- Status: active
- Genre: sports fundraisers
- Frequency: Annually, 4th of July
- Locations: Onslow Bay, North Carolina
- Coordinates: 34°33′55″N 76°58′30″W﻿ / ﻿34.56528°N 76.97500°W
- Country: United States
- Most recent: July 4, 2015^{[needs update]}
- Website: www.discoverydiving.com/index.php?option=com_content&view=article&id=100&Itemid=175

= Underwater Bike Race =

Annual charity event in North Carolina

The Underwater Bike Race is an annual underwater cycling charity fundraising event organized by Discovery Diving in North Carolina.

The Underwater Bike Race is held at the artificial reef created by the sinking of the USS Indra, 12 miles from Beaufort Inlet. Riders are allowed to do anything to get to the finish line. It could be swimming, pushing, pedaling, or dragging. No motorized bikes are allowed. Also, no more than one person per bike.
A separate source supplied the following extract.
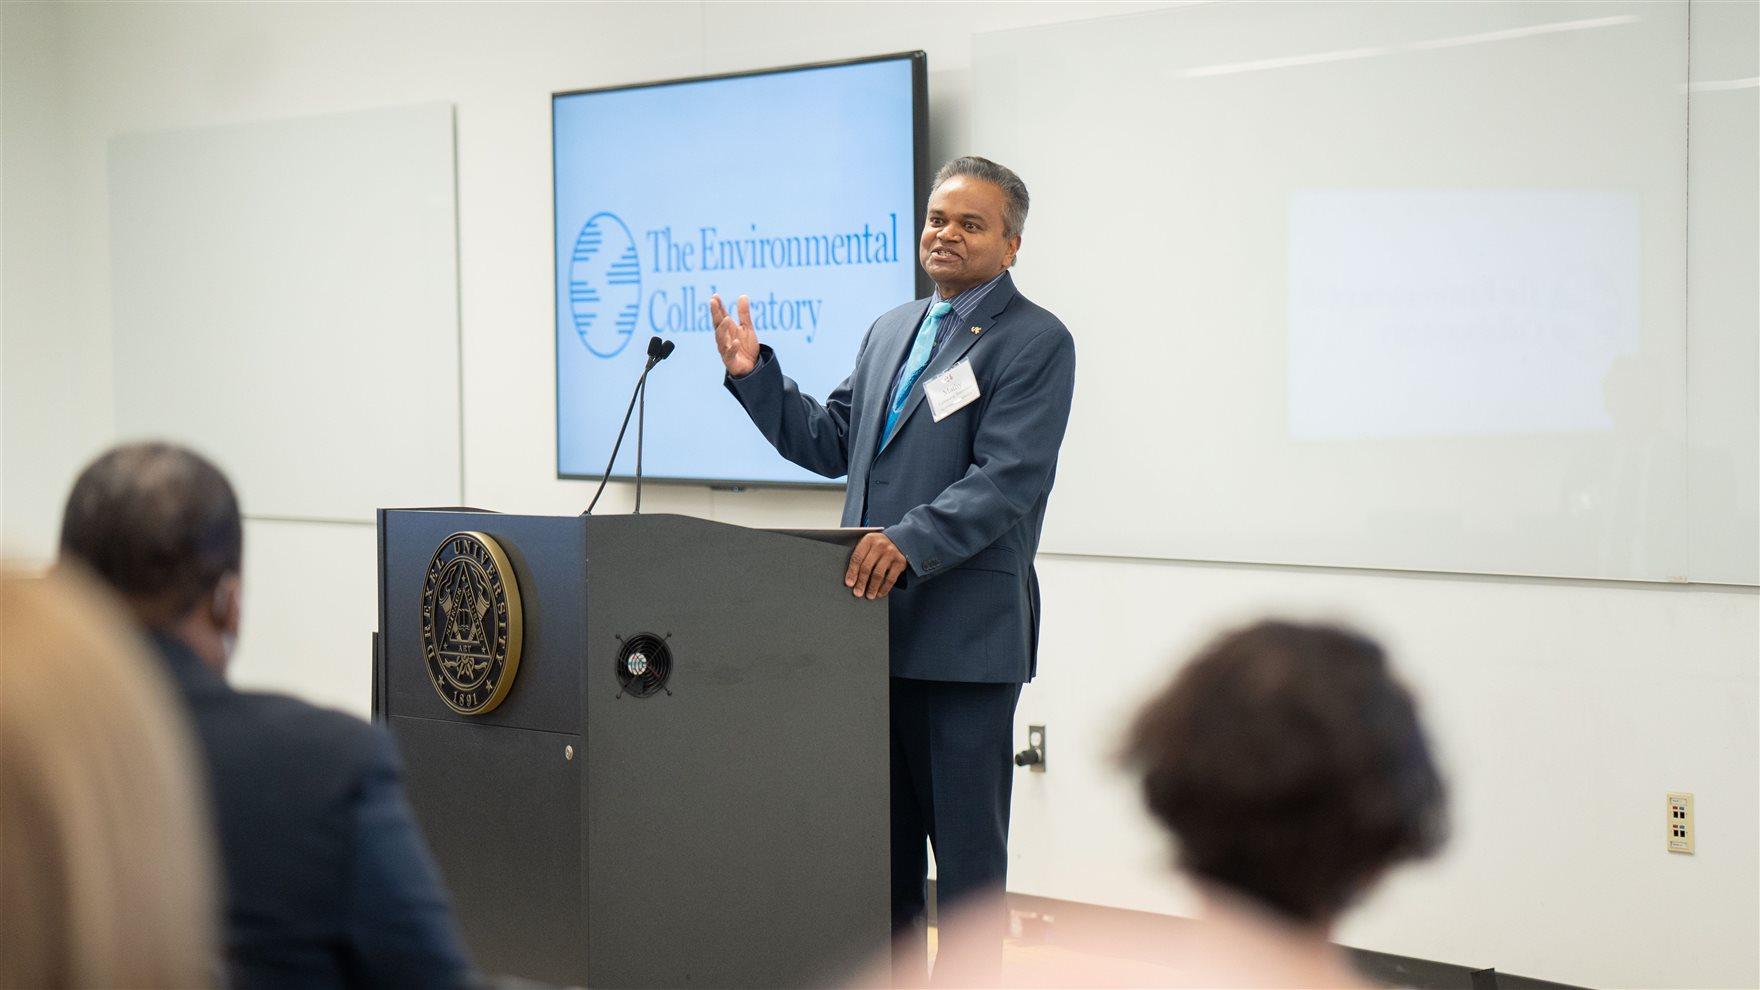 Mathy Vathanaraj Stanislaus speaking from a podium at the opening of The Environmental Collaboratory on Feb. 11, 2022.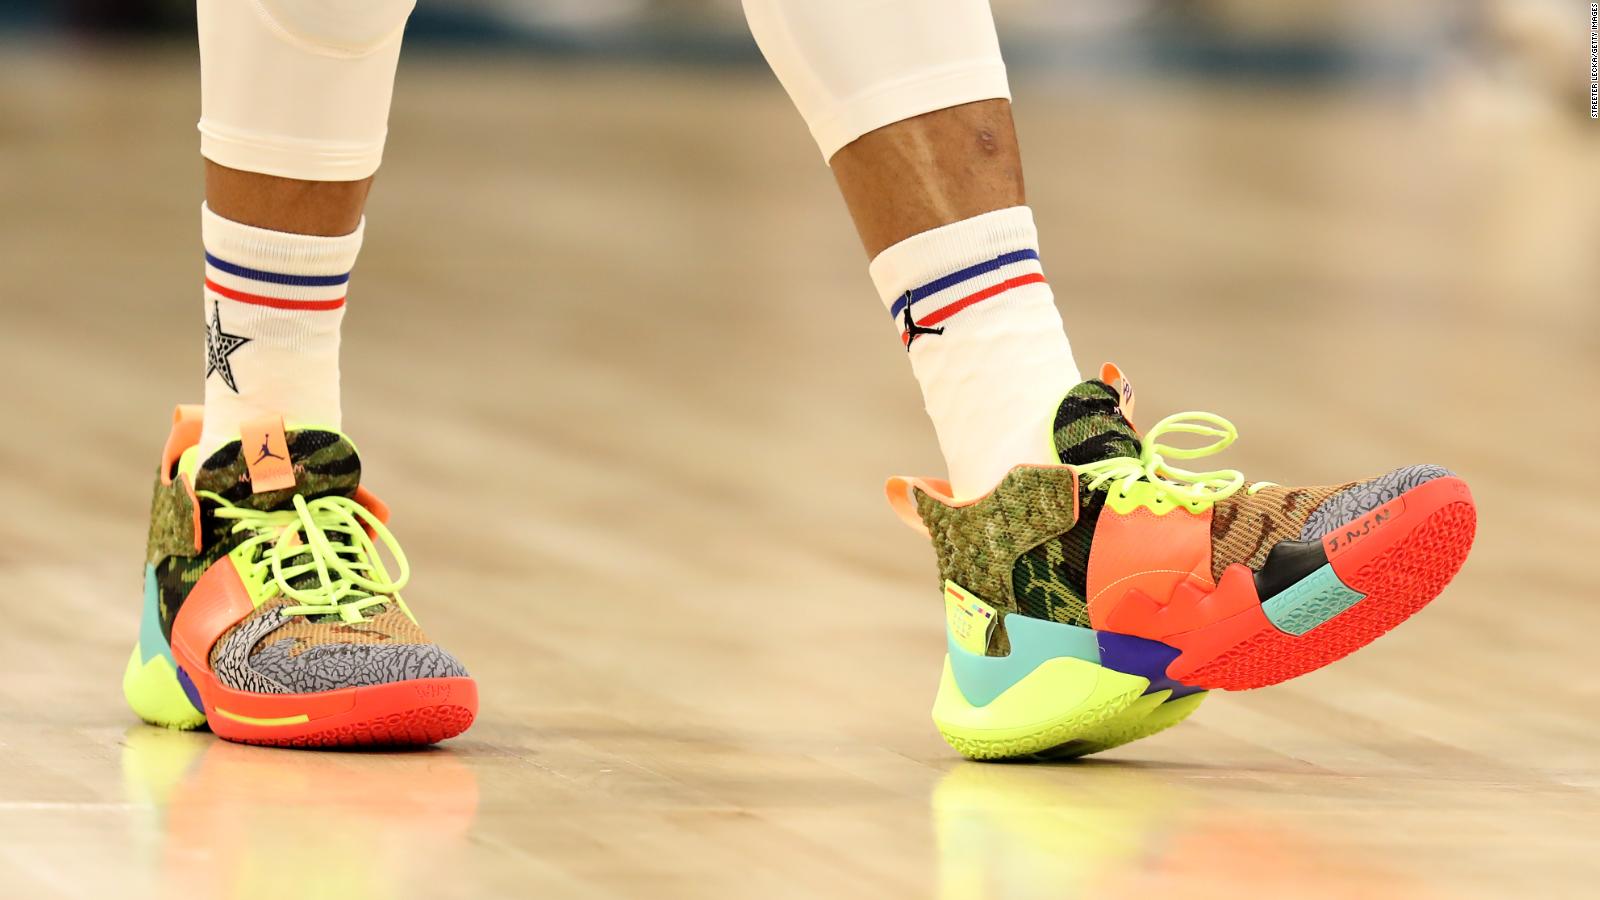 westbrook all star shoes

Underwater bicycle racing is a popular sport in the state of North Carolina. They have a traditional Underwater Bike Races a couple times a year. It is also for people to have fun with, and prepare for the races. They normally do the races of coasts or in large deep swimming pools.

There is no limit to how many people race, and only certain kinds of bikes are allowed.